The strategies Sperling will use are backed by research that prove they facilitate learning. One example is giving students in a calculus course who are studying related weight problems a specific prompt, such as a drawing strategy, and describing how it works and the best way to employ it, she said.
In addition to piloting these concepts, this summer Sperling is surveying students' existing self-regulation strategies and experimenting with the amount of learning support needed to enhance their learning.

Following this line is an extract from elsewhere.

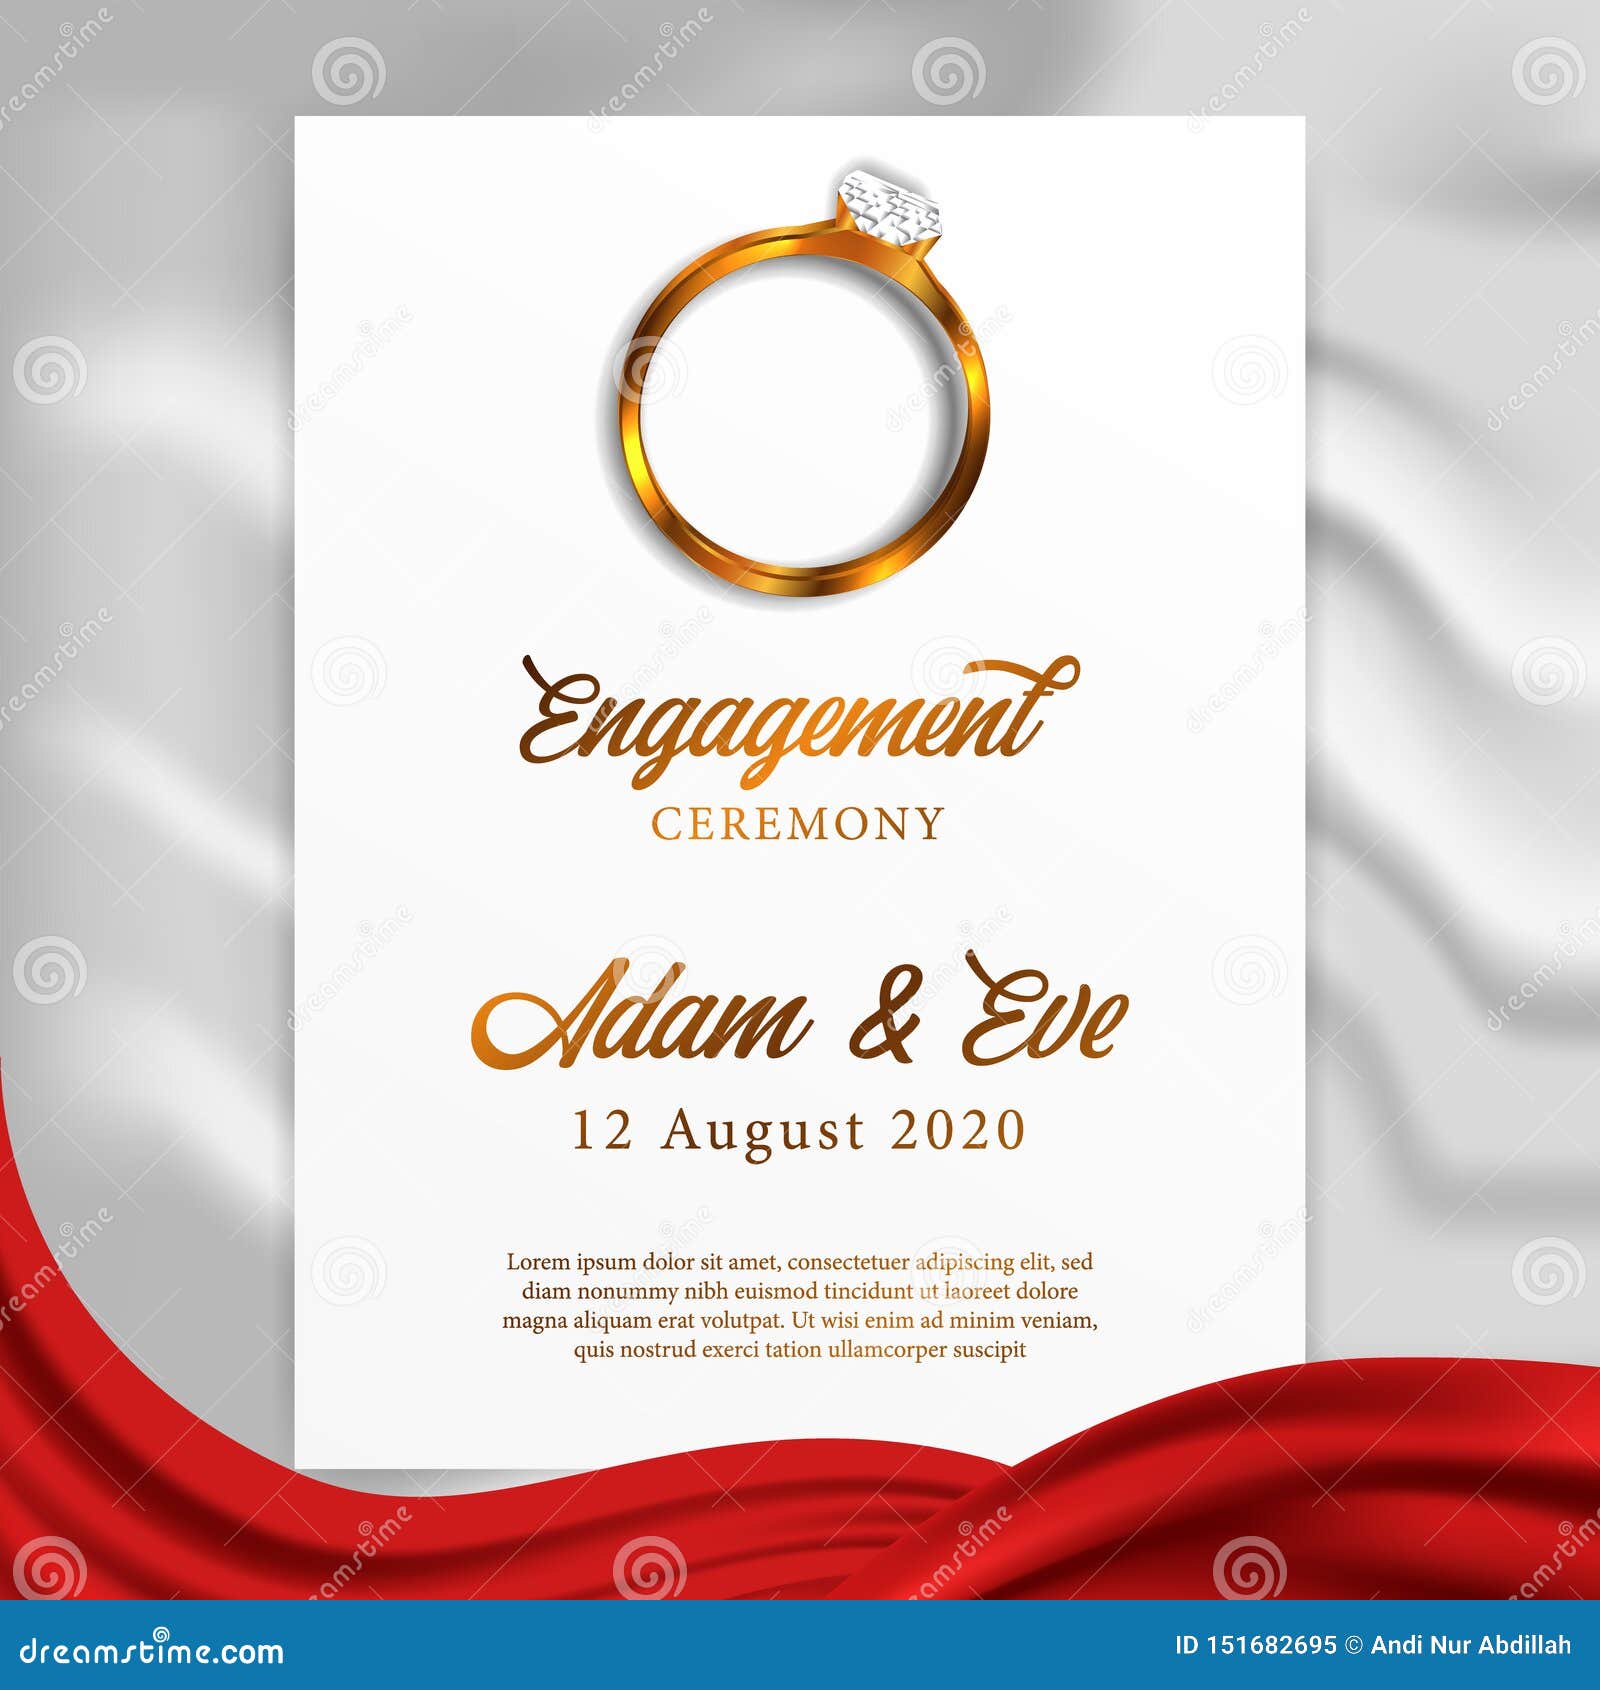 ring engagement wedding jewel diamond top view white texture blanket paper ring engagement wedding jewel diamond top view 151682695

The final scaffolds will be presented in a large-scale study to student volunteers in fall STEM courses so the team can look across technology formats and students to see what effects the formats have on self-regulated learning and student achievement, and when.
"My guess is that depending on the nature of the type of prompt or type of scaffold that we're providing for them, it's going to vary what sort of medium is going to best reach students," Sperling said.
Another important foundational issue is conducting design experiments to gauge how best to present the learning supports and to receive student feedback. With the Apple Watch, Brautigam said, there is a lot of flexibility; for instance, students can respond to prompts simply with a "yes" or "no" button, using sliders or meters to gauge their responses, or by replying with a voice message. Even if students dismiss a prompt, this still gives the research team information, he said.
"We're trying to find the simplest way possible to get a lot of information," said Brautigam.
Ideally these prompts will be managed in one place, but delivered across various formats including the Apple Watch, smartphones and the university's Web-based learning management system, as well as other wearable devices in the future, he said.
Meanwhile, Sperling's work is an extension of Brautigam's, who manages TLT's advanced learning projects group, which designs and develops new technologies and has experience building applications on Apple devices.
The self-regulation research also builds upon earlier learning analytics research conducted by TLT with input by Sperling. During that study, students tracked their individual progress and compared it to classmates' progress and behaviors, and saw behaviors correlated to higher achievement, such as regularly signing onto the university's course management system.
The new study will culminate in the ability to make predictions about which types of students are best able to use which types of technologies, and also how the tools are supporting their academic achievements, said Sperling.
Up until now, much of the academic research has been limited to other technology devices, like phones, where students were asked for motivational feedback and didn't receive specific learning tips or scaffolds, like Sperling plans to use.
In the end, the success of wearable-technology-mediated learning on a larger scale may depend on the adoption rate of the technology across the student body. But if it's anything like the iPhone, there may be something to it.
"If it does become prevalent, I think we'll have a leg up here," Brautigam said, "because we've been sort of investing in this and exploring this since the inception."
For Sperling, it will be interesting to check back on her research a year from now, she said. "It's possible that some really little prompt could change the way that [students] engage with the academic content."